One of the topics the film keeps returning to is the effect of the astronaut lifestyle on the family, we repeatedly see Gene questioning the selfishness of his and the other astronauts distanced lifestyle and this really separates the film from other documentaries, the usual interview questions and responses in traditional documentaries relate to how nerve-racking the launch is or how amazing the surface of the Moon is, of course it’s amazing your standing on the MOON! This film give very personal look at the life of an astronaut and by doing so the film makes Gene a very human and relatable character rather than the usual heroic and superhuman presentation in other films. The result of this is that when we finally get to landing on the moon at the end of the film, which I should also point out has some of the most stunning visuals of the Moon I have ever seen on film, it is a much more emotive experience as not only have we seen the luck and struggle it took to get there but also the film has brought us very close to Gene as a human being and so it makes you feel every emotion as he does. Gene says in the film that he only wished that he could pull that experience into his suit and bring it back to earth with him and that is what the film does is create an experience as close to the real thing as possible, which is an incredibly skilled thing to do.

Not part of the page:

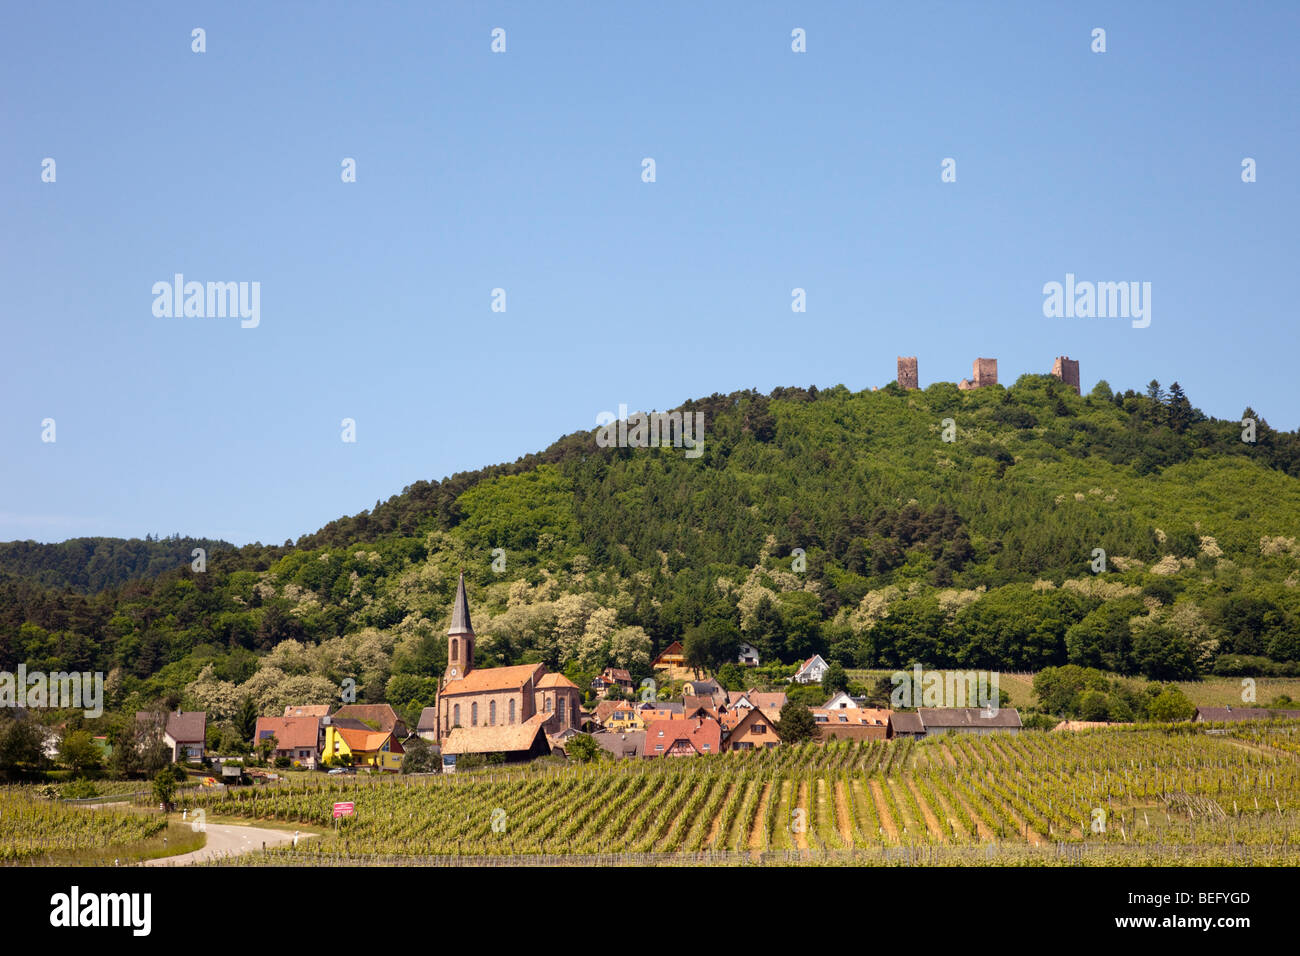 Husseren-les-Châteaux, Alsace, France. View of village and château ruins on Schlossberg Hill with vines growing in vineyards Stock Photo

Overall the film uses a range of stunning visual techniques (animation/recreation/CGI models) and beautiful archive footage to tell a very unique, personal and human story that looks beyond the astronaut who walked on the Moon to explore the man, the friend, the husband and the father. There are a few small issues with interviews and a tendency to open up interesting points but not explore them thoroughly enough, but as a whole piece the film does a brilliant job of offering a balanced argument of the emotional pros and cons of space exploration and end with a heart-warming and positive message that anything is possible with a little bit of hard work and sacrifice. To quote Gene himself “Dream the impossible and make it happen“.